Comparison of observed and simulated climatologies over High Mountain Asia glaciers : central Himalaya versus Pamir regions

Supervisor and Institute : María Santolaria-Otín, Institut des Géosciences de l’Environnement

Educational background : Ongoing M1 in Climate Sciences, Hydrology, or equivalent.

Key words : regional modeling - model evaluation - High Mountain Asia

Durée du stage : 8-12 weeks flexible from 01/04/2025 to 30/06/2025

Challenge : Climate change in High Mountain Asia (HMA) is largely uncertain because the lack of local observations does not allow a proper estimation of long-term trends.

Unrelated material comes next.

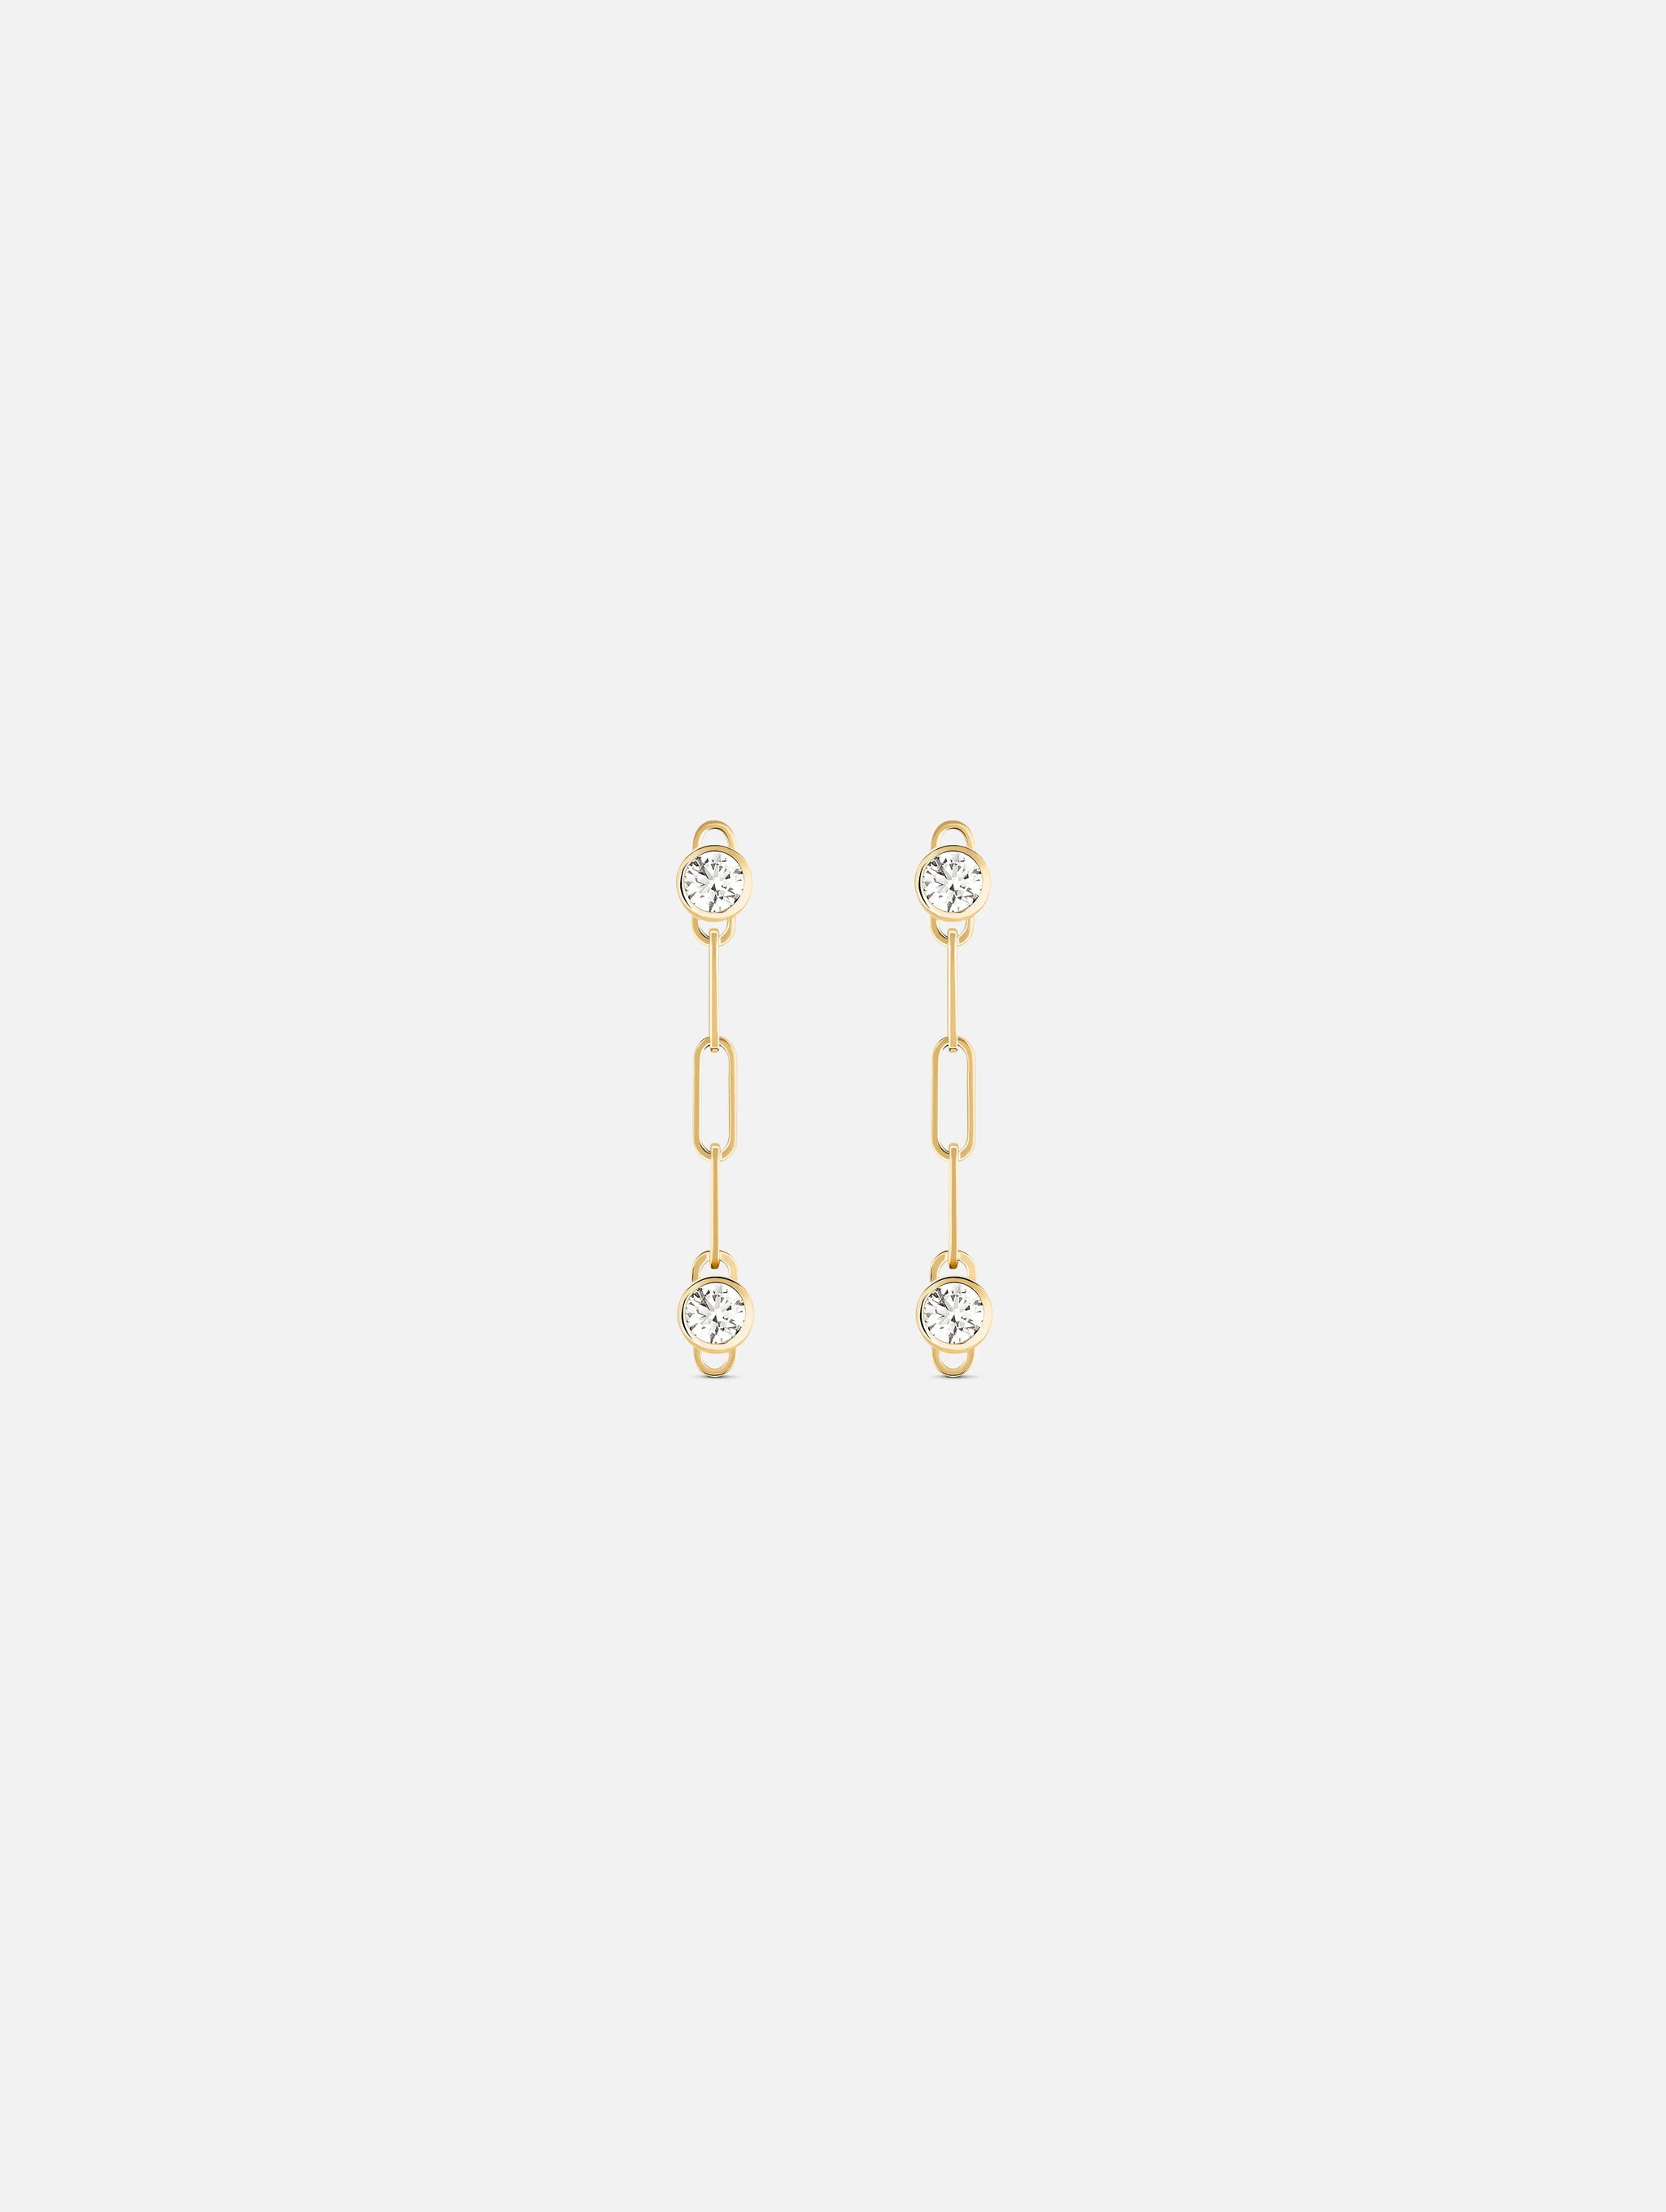 Round Duo PM Classics Earrings in Yellow Gold - 1 - Nouvel Heritage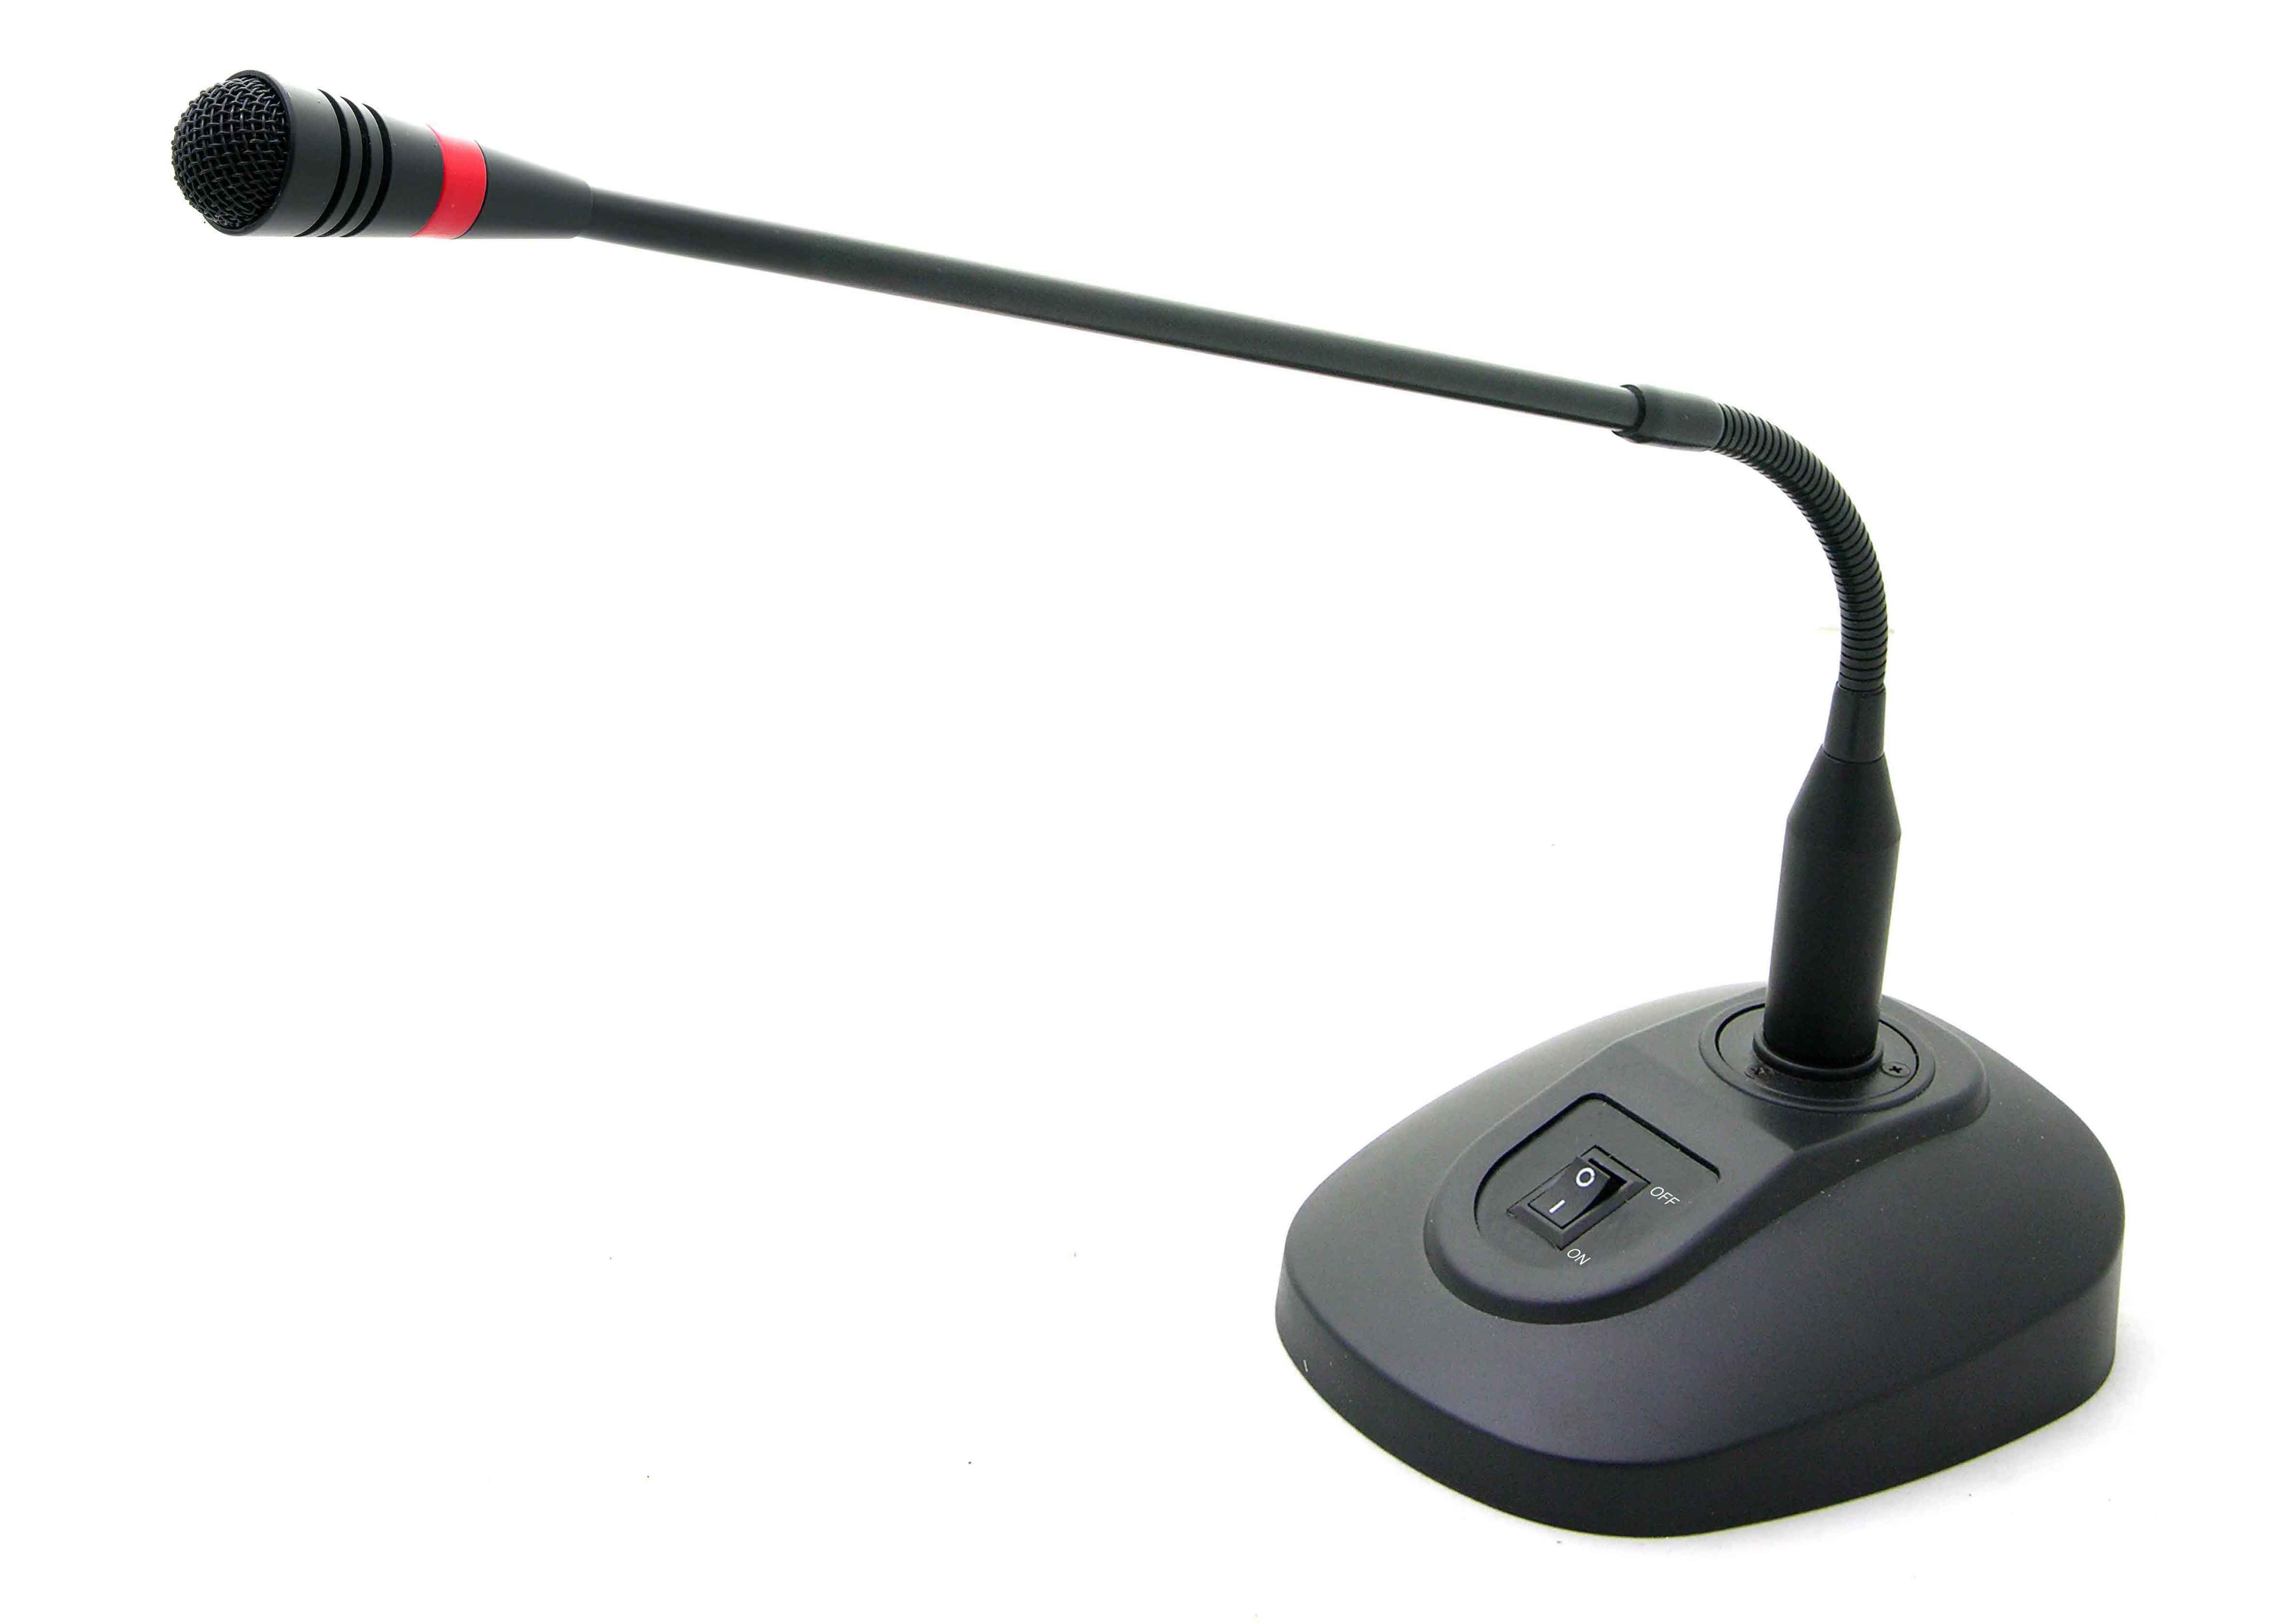 Professional conference microphone

The complex topography induces marked heterogeneities of atmospheric variables in an area exposed to the influence of both the Asian monsoons and the Western disturbances, two circulation patterns that show considerable variability from daily to decadal timescales.Thus, simulating climate variability in HMA is a significant challenge. Current Earth System Models Models and their derived atmospheric and surface reanalyses exhibit strong biases over HMA (Lalande et al., 2021), primarily due to their coarse resolution and rudimentary snow physics, which are still inadequate for representing the complexities of mountainous terrain. To address this limitation, an ensemble of high-resolution regional simulations over HMA covering the last decades are currently produced using the regional climate model MAR (Gallée and Schayes, 1994) developed for cryospheric environments.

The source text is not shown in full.